Labeling kinetics. A 10-fold molar excess of the label (67 μM) was added to 1 mg/mL (6.7 μM) αIL-6 antibodies in PBS. Antibodies 5IL6 and 505E were conjugated to β9 and β10, respectively. Minus antibody controls (i.e., label only) were run in parallel. Excess Tris (final [Tris] = 100 mM) was added to quench reactions. Time = 0 values were taken immediately after label addition. (A) Crude, unwashed β9 and β10 conjugate reaction mixtures from the indicated time points were assayed in cell culture media at 62.5 ng/mL (4.2 nM) antibody. Conjugate pairs were assayed in the presence (+IL-6) and absence (−IL-6) of 10 ng/mL IL-6 analyte. Mean relative light units (RLU) values (n = 2) of a representative experiment are shown with variability expressed as standard deviation (SD). (B) Assay dynamic range (S/B) was calculated for each time point by dividing the (+) IL-6 signal by the (−) IL-6 signal from panel (A).

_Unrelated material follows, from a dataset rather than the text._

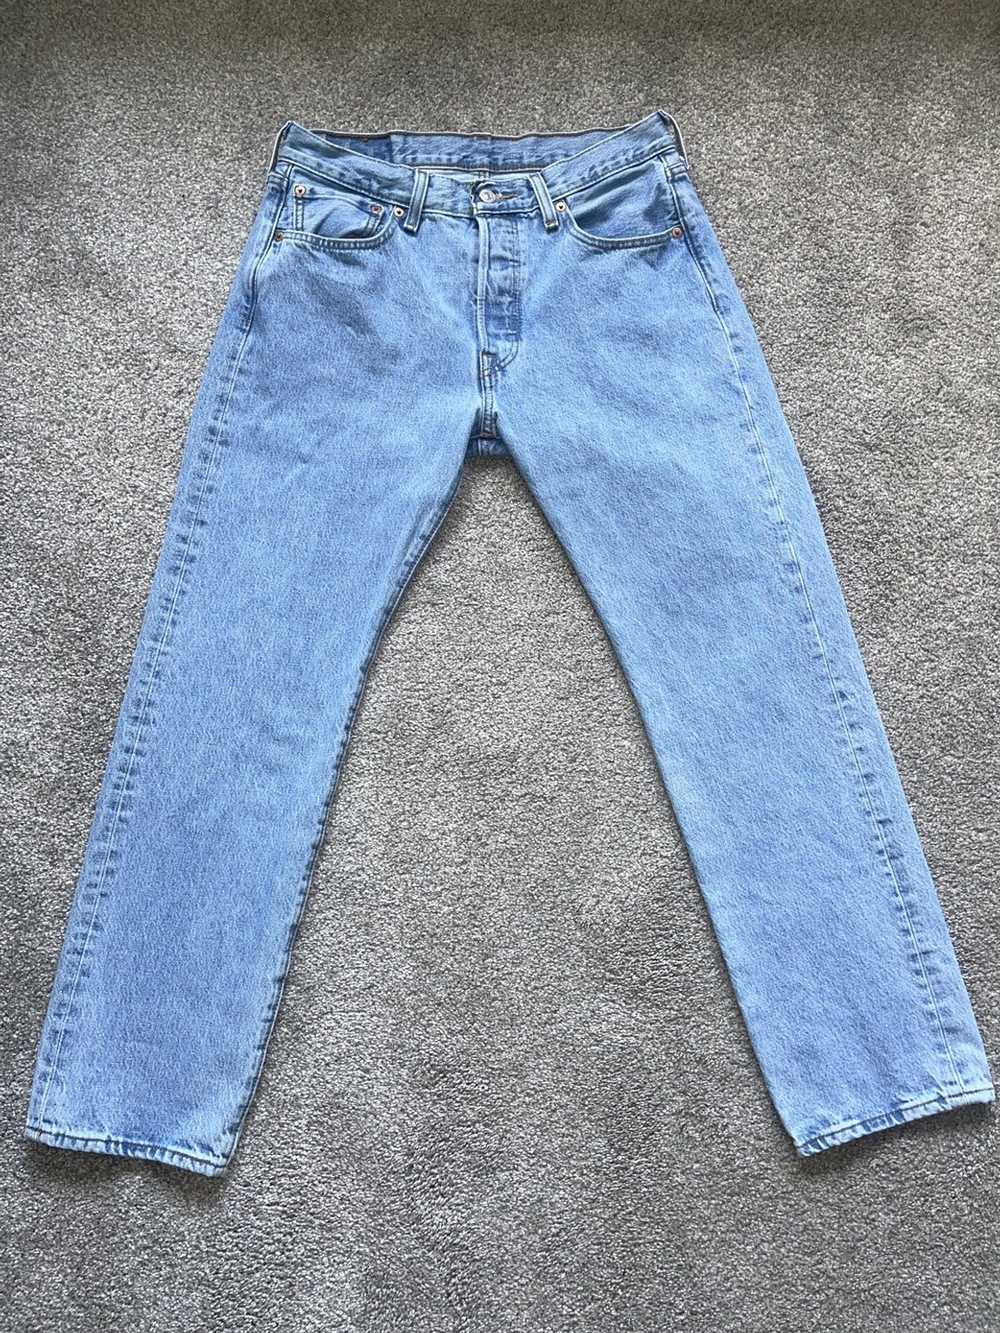 Levi's Levi’s 501 Jeans - image 1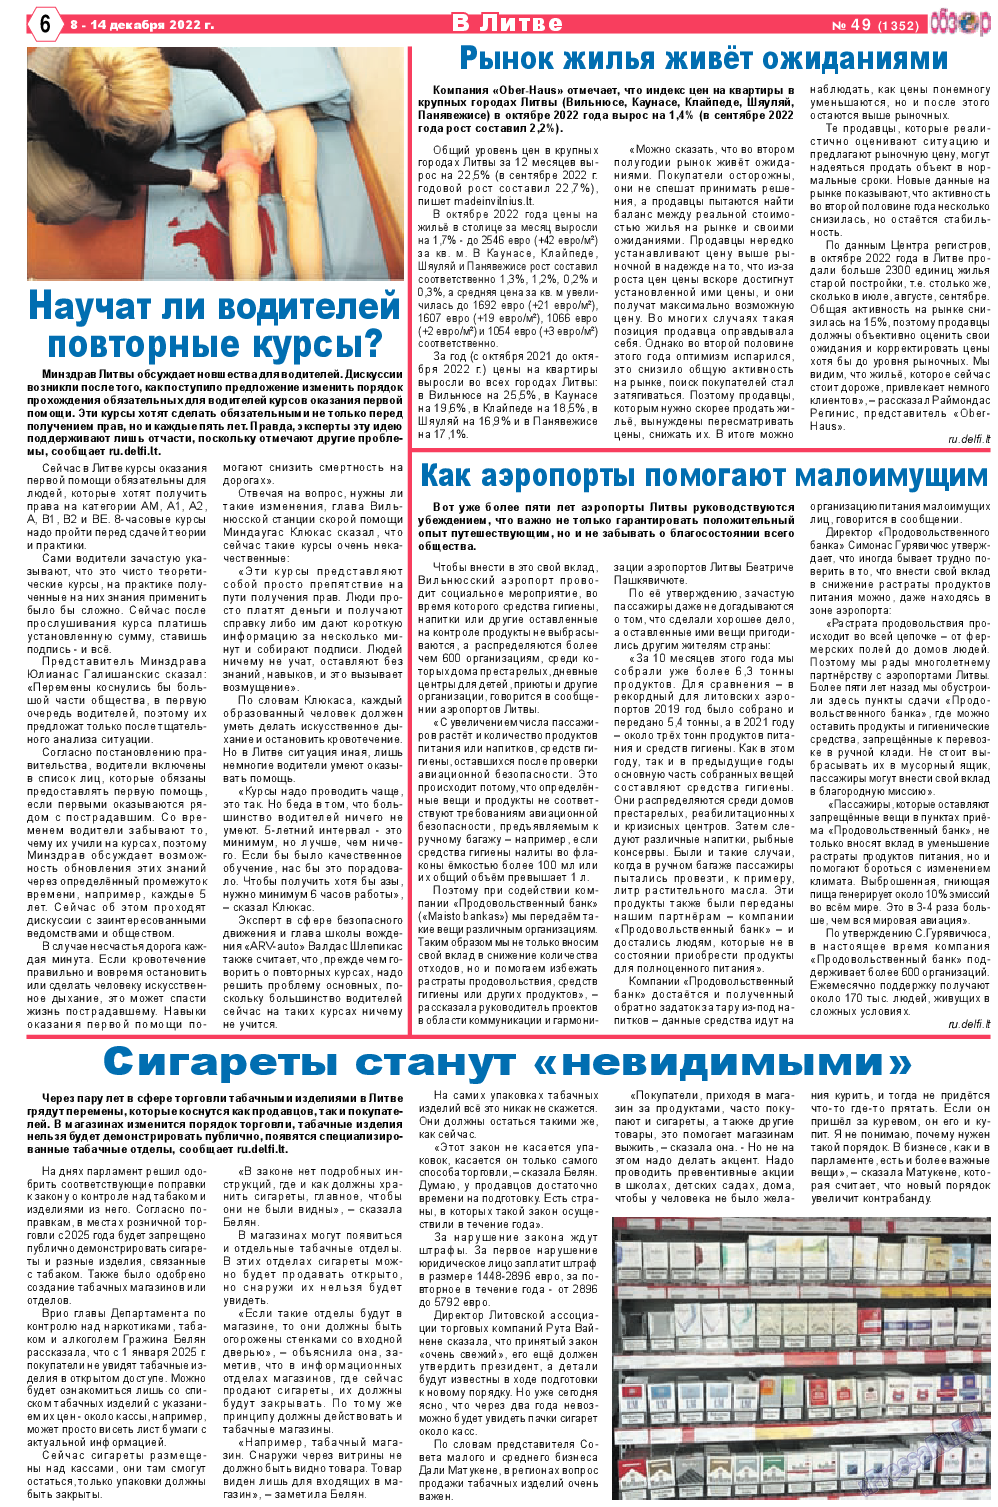 Обзор, газета. 2022 №49 стр.6

To further examine the necessity for a post-conjugation wash step, the impact of free labels on background and assay performance was investigated by comparing αIL-6 antibody conjugates (generated from 1 h conjugation reactions in PBS) that either included or omitted a desalting wash step after label conjugation. Desalting is an established, efficient washing method for the removal of small molecules and peptides from solution. Due to the small size of our peptide labels (<3 kDa), we anticipated that desalting (i.e., microcolumn centrifugation) would provide a simple way to remove unconjugated labels from crude reaction mixtures. Using the IL-6 assay to examine crude versus desalted reactions, we observed that the washed antibody conjugates produced comparable IL-6-induced signal strength but with a 10-fold lower assay background (Figure ). Thus, the removal of free label molecules was likely the primary source of reduced background and improved assay performance; however, there was evidence of higher molecular weight conjugates also being removed during the wash step (Figure S5). As a result, we cannot say with certainty that these species were not at least contributing to the background observed from the crude labeling reactions. If so, this suggests that antibody overlabeling could adversely affect functional performance. Overlabeled antibodies could present the ternary Nluc components with too many options for complex formation, potentially diluting out or slowing down formation of the most productive reconstituted luciferases. It is also entirely possible that increasing the number of labels per antibody will eventually compromise antibody functionality. Further, excess labeling could eventually lead to increased background complementation in the absence of an analyte.

Figure 3

Conjugate cleanup improves assay performance but is optional for streamlining antibody labeling-to-assay workflow. Conjugation reactions were run for 1 h in PBS and quenched (final [Tris] = 100 mM). Conjugates were either set aside as crude reaction products or washed via desalting columns. β9 and β10 antibody conjugates were assayed at 62.5 ng/mL against a titration of IL-6 analyte in cell culture media. (A) Raw RLU and (B) signal over background (S/B) are plotted for the same data set. Mean values ± SD are shown (n = 3).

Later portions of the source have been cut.